The Walking Dead's series premiere last week was a massive critical and commercial success, netting glowing reviews and garnering AMC its largest audience ever. Last week, the question was whether or not zombies can work on television; this week, the question is whether or not zombies can work on television week-to-week. Unfortunately, that question still has yet to be answered. The Walking Dead still has lots of potential, but the second episode, "Guts," doesn't live up to the promise of the stellar series premiere.
To be fair, "Guts" has a lot of heavy lifting to do. The Walking Dead premiere was so strong, in part, because it eschewed a lot of the conventions of traditional series premieres—like character introductions and explanatory dialogue—in favor of striking imagery and tense, no-time-to-think action. That leaves "Guts" with the necessary chore of introducing the show's large ensemble cast, which seems, at this point, to have been cobbled together from an assortment of zombie movie clichés.
Though none of characters is as interesting as last week's Morgan, this episode's standout is Glenn (Steven Yeun), a resourceful, quick-witted young man who saves Rick from a horde of zombies and introduces him to the group. Glenn's wry comments provide much-needed comic relief, but he's also essential to the team's survival, making him at least two-note while the rest of the characters remain one-note.
The new characters who get the most screen time in "Guts" are Andrea (Laurie Holden) and Merle Dixon (Michael Rooker). When Glenn leads Rick into the room, Andrea flies into a rage, shoves a gun in Rick's face, and screams that he's doomed them all, which is not a great way to make an audience sympathize with a character (and her "my sister loves mermaids" speech later in the episode is too cursory to redeem her completely). Though she calms down, and clearly takes a liking to Rick before long (perhaps a Rick-Lori-Shane-Andrea love quadrilateral?), there's not much in this episode that defines Andrea beyond having a temper.
The racist, meth-addicted Merle Dixon is even less well-defined—the decisions he makes are barely coherent. He's introduced wasting valuable ammunition by sniping at random zombies, and then picks a fight with T-Dog (Robert "IronE" Singleton) almost immediately. None of this makes any sense. Merle has been traveling with the group, apparently without significant conflict, since they first came to Atlanta, and he decides that a zombie attack that literally requires cooperation for survival is the right time to alienate everyone. No plausible explanation is ever given for this decision, and that's because there isn't one. Merle's not insane, either; in fact, his conversation with T-Dog shows him to be fairly crafty. His attack on the group is just a plot-convenient way to let Rick step in and stop Merle to prove to the group that he's a hero.
Further dramatic potential is wasted when T-Dog has to decide whether or not to set Merle free. It's a problem that's satisfyingly ambiguous; would the group be giving up their own humanity by leaving Merle behind? Or is the obvious danger Merle presents to all the other survivors a good enough reason to leave him to fend for himself? Instead of putting those moral questions at the forefront of the episode, and forcing the characters to make those hard decisions, The Walking Dead tries to have it both ways. At the last minute, T-Dog runs back to let Merle loose, but accidentally drops the key to Merle's handcuffs. He's forced to leave Merle behind, as Merle swears revenge.

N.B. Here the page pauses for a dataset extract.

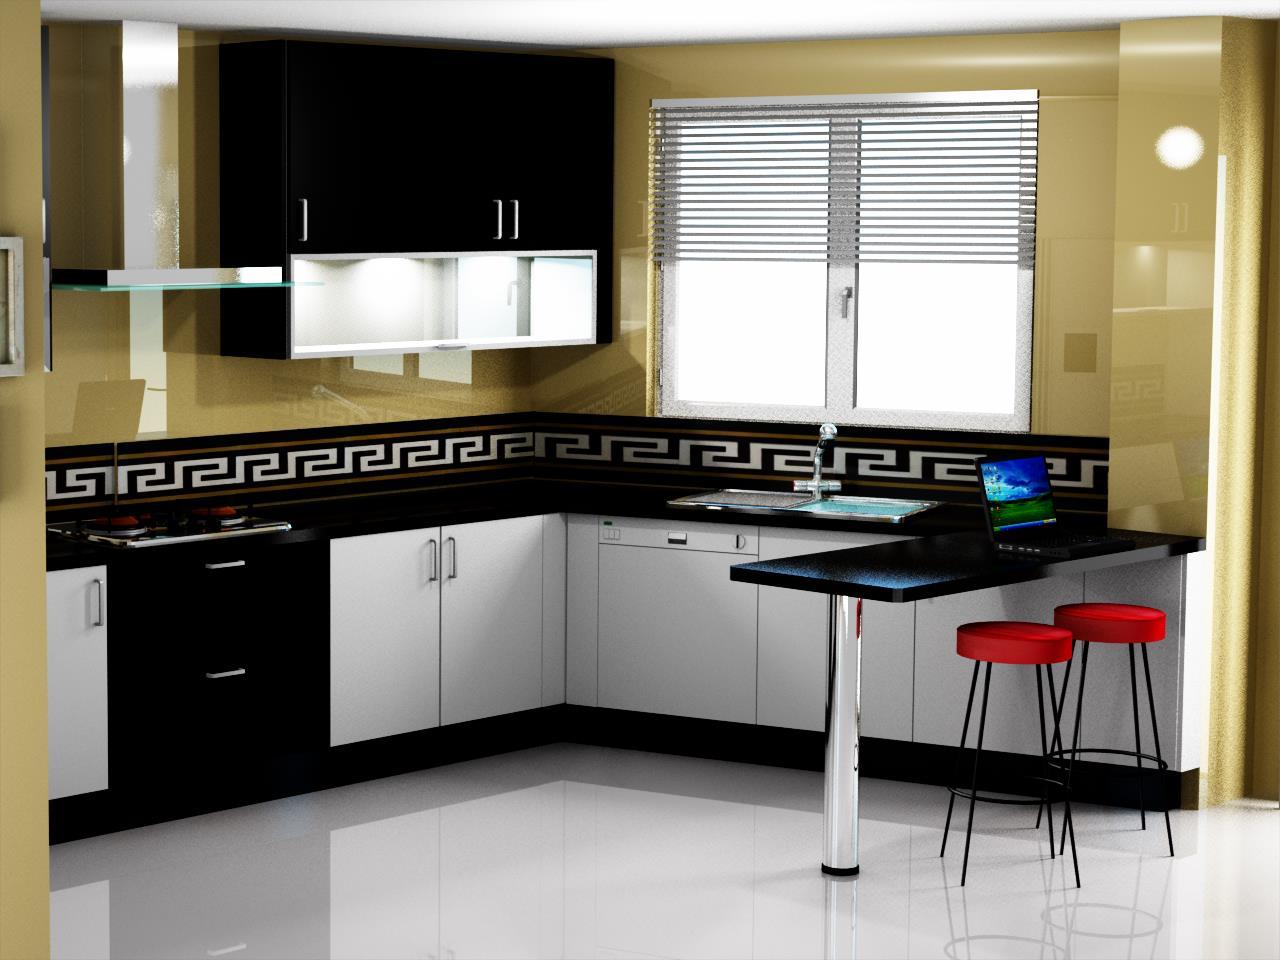 Dise o de cocina con muebles hasta el techo - Fp de cocina ...

The problems aren't just with the new characters; even Rick and Lori (though consistently well-acted) remain elusive. Rick is desperately searching for a wife and a son who has been on screen just enough to remind the audience that he exists. Last week's episode made it clear that Rick's marriage was in serious trouble even before the zombie outbreak, and Lori's tryst with Shane in this episode (and her subsequent removal of the wedding ring around her neck) doesn't inspire much confidence for the future of their relationship. We've been given no sign whatsoever that Rick and Lori's marriage is even worth saving, and that makes it difficult to care about whether or not they ultimately find each other.
These character problems would be less worrisome if The Walking Dead had a conventional schedule, but the first season is only six episodes long, so there's very little time for the development the show needs to make us genuinely afraid for its characters. The Walking Dead still has plenty to recommended it—a terrific premise, fantastic production values, and a distinctive look and style. But that's all window dressing if it can't make us care what happens to its characters. Let's hope next week's episode focuses less on zombies, and more on people.
Shock of the Week: The dismemberment of zombie Wayne Dunlop to provide a kind of odor-based camouflage—which went from poignant to disgusting to blackly funny in a matter of minutes—was the episode's most shocking and effective moment by far.
Zombie Survival Tip: The undead track their living victims by smell. If you slather yourself in guts and gore, you'll blend in among even the hungriest of zombies—unless a brief, out-of-nowhere rainstorm washes you off and blows your cover.